Nicknames were common among early cowboys. Bill Gordon, the round-up foreman of the "Hip Side and Shoulder" outfit was known as "Latigo". Another well-known cowboy was "Yarn Gallus" so called because of the fact that each Christmas his mother back in Missouri sent a present of some knitted galluses. Another bore the title of "Doc Few Clothes." There are conflicting versions about how he acquired his name. Some say it was on account that he had a very scanty wardrobe and was not over-scrupulous in the matter of sanitation. "Slick", is a cowboy who neither gambled nor drank hard liquor, but saved his money and married a good-looking grass widow who came on to the frontier. She lived with him for just long enough to steal his roll (money) and then left for parts unknown. The efforts of "Slick" to catch her was a matter of jest around the Blue Goose Saloon and Mons's Store. "Slick" lived on and on through the years with the hope that she would someday return.

To the north of Monticello, some sixty miles is a beautiful little valley. In it sits the charming little town known as Moab. The early cowboys of the Blue Mountain referred to it as the "Little Green Valley". More than one of the cowboys dreamed of the day when he could marry a good-looking school teacher and settle down in the "Little Green Valley."

Mon's Peterson, a member of the Mormon colony that settled Monticello, started a general store. The front door of "Mons's Store" was full of bullet holes fired from the guns of celebrating cowboys. One day, to be a little more original than the rest, a cowboy rode his horse through the door, took hold of the end of a bolt of calico, dallied it on the horn of his saddle, and rode out on a run. Some Ute squaws were in town that day and I have it on good authority that they ran the cowboy' horse down and each cut off a dress pattern.

"Latigo" the foreman of the "Hip Side and Shoulder" outfit liked life on Main Street so he established the "Blue Goose Saloon." The conservator of law and order in Monticello was a Mormon shoemaker by the name of Nephi Bailey. He held the high office of Justice of the Peace and tried the cowboys for their offenses as well as making and repairing their boots. The cowboys called him "Zapitaro" which is the Spanish word for shoemaker.

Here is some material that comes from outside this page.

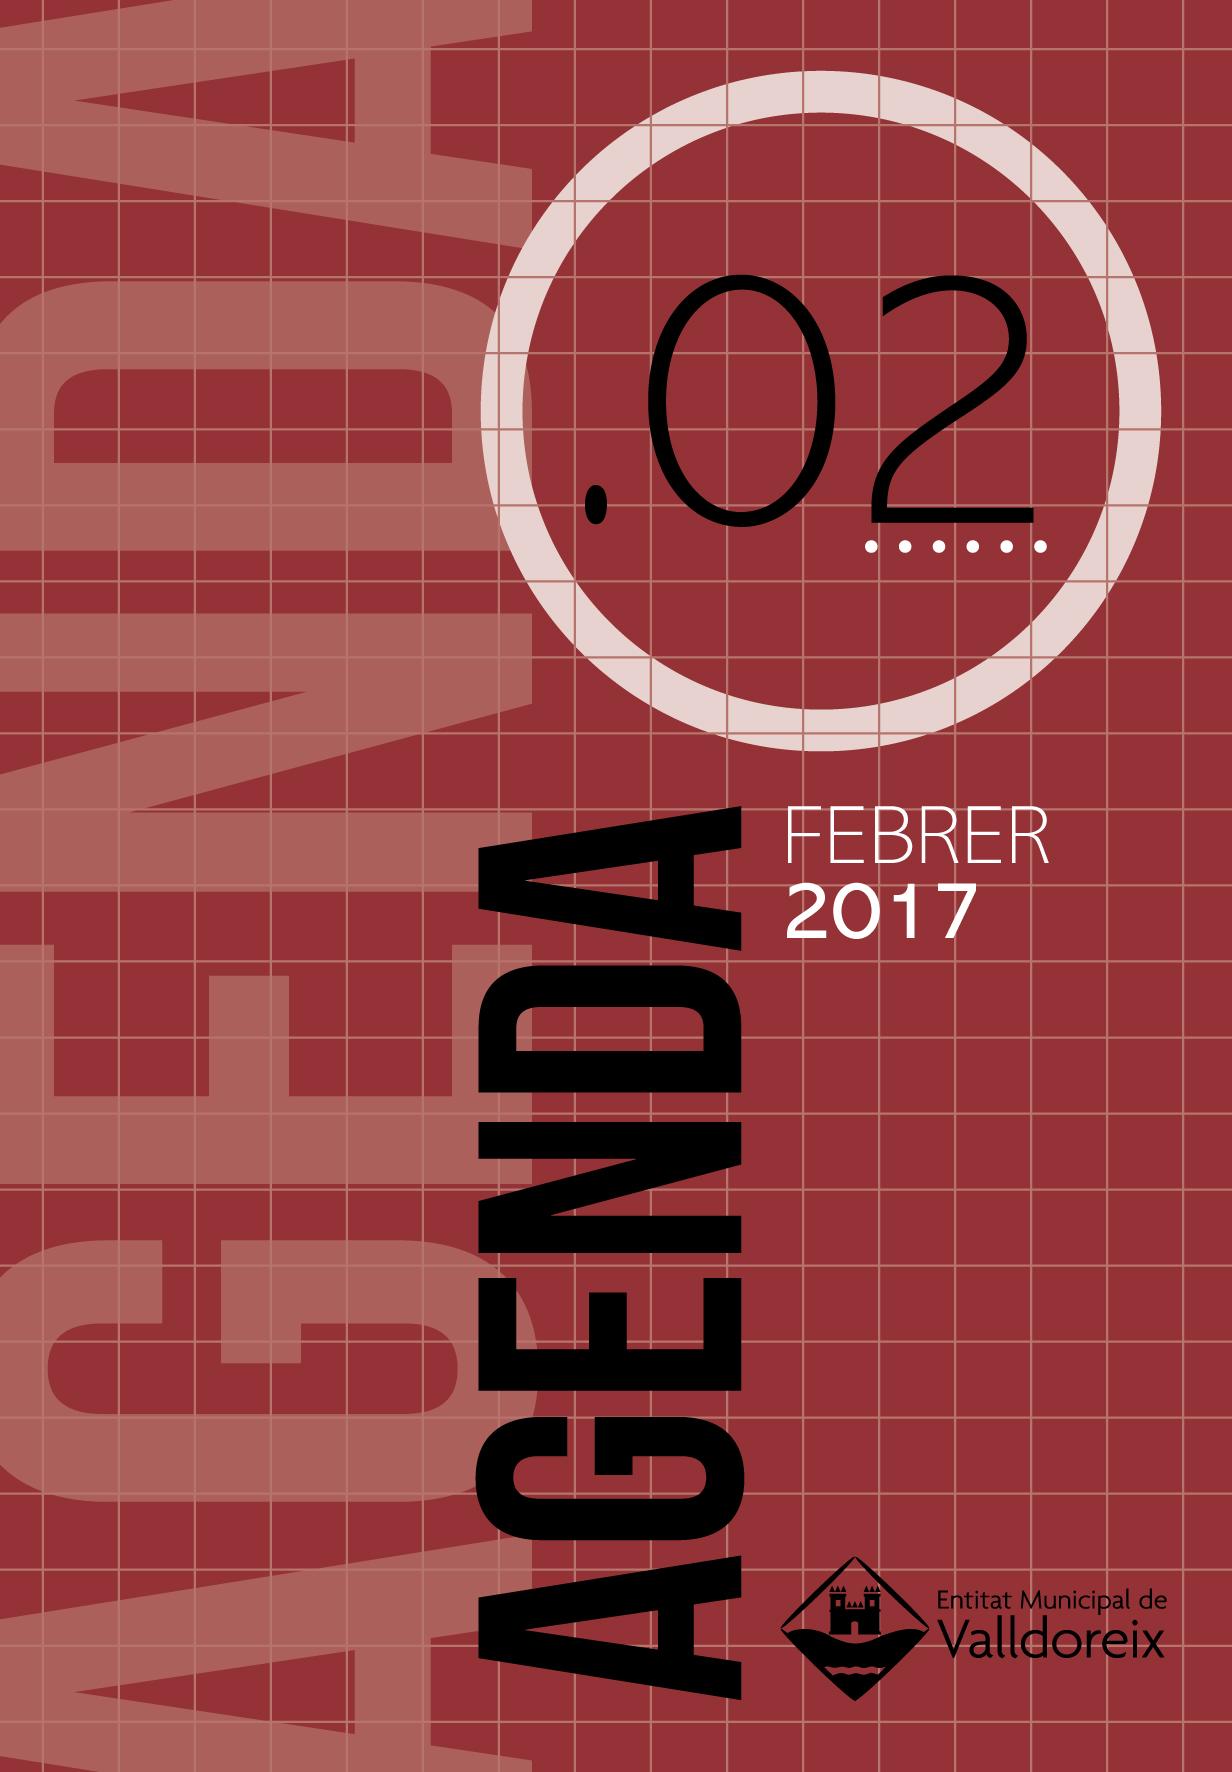 AGENDA FEB'17

The occasional dances given in the old log church were popular. To date, a good-looking Mormon girl for one of these events was a stellar event in the life of one of the cowboys. They found no hardship whatever in riding horseback fifteen or twenty miles into Monticello and back to his camp in the early morning hours after the dance was over.

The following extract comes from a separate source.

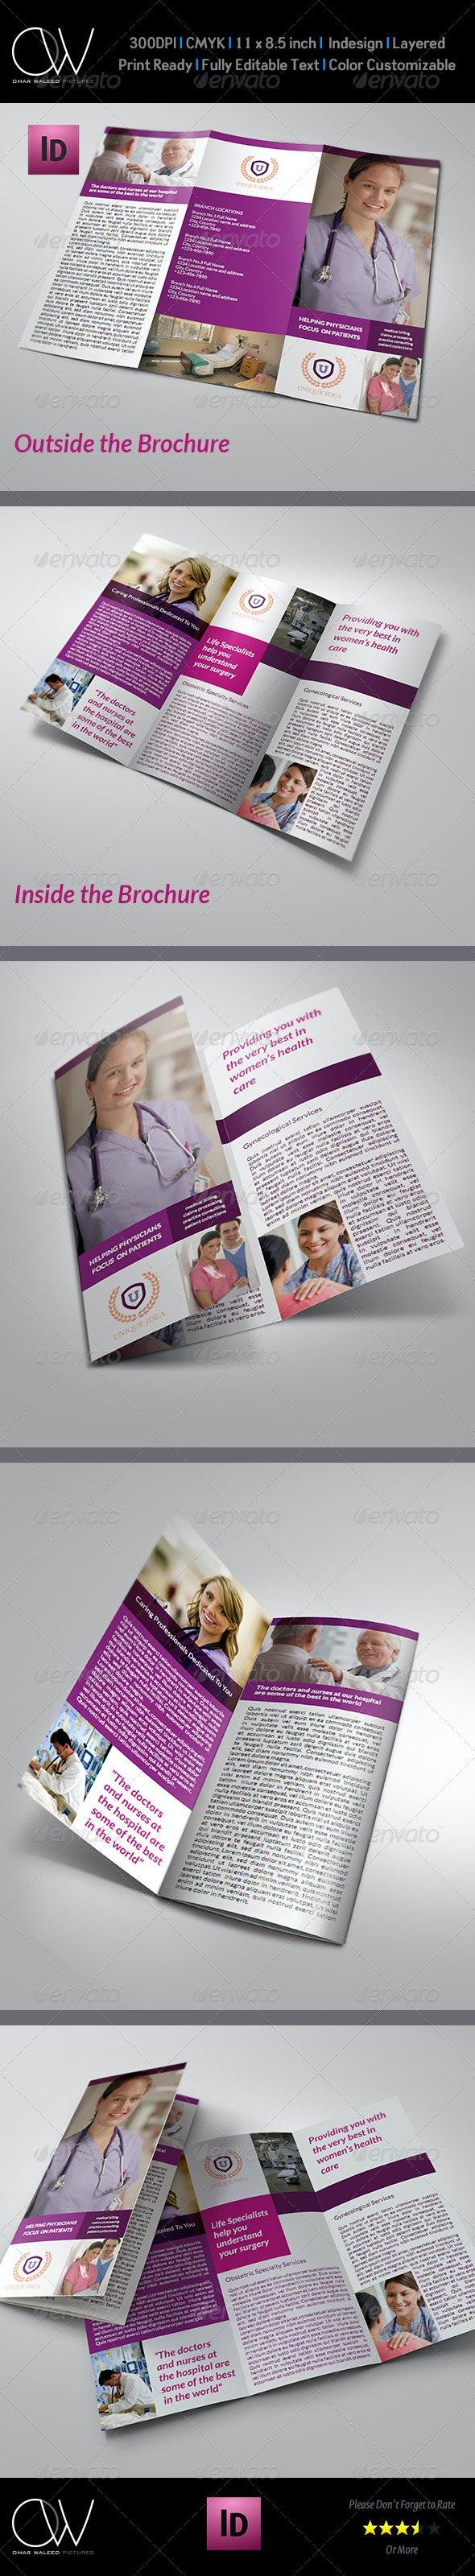 Hospital Tri-Fold Brochure Template - Brochures Print Templates

During the spring, summer, and fall, the larger cow outfits required a considerable number of cowboys to brand up the calves and gather up beef. In the wintertime, there was very little that could be done for cattle, and all except the top hands were laid off until the spring. Many of them existed through the winter by riding the "Chuck Line". The consisted of riding from one ranch to the other with no other object than to obtain sustenance by partaking of the hospitality of the rancher.

Among the Mormon settlers was a very talented, charming, and hospitable woman by the name of Evelyn Adams. She and her husband founded a small ranch at Verdure Creek, some six miles south of Monticello. She was known to all the cowboys as "Ev". She fed them when they were hungry, and nursed them when they were ill, and most of them looked upon her as a foster mother. Her cabin was the most popular spot on the "Chuck line". She is the sweetheart or heroine of my song. I think of her very tenderly.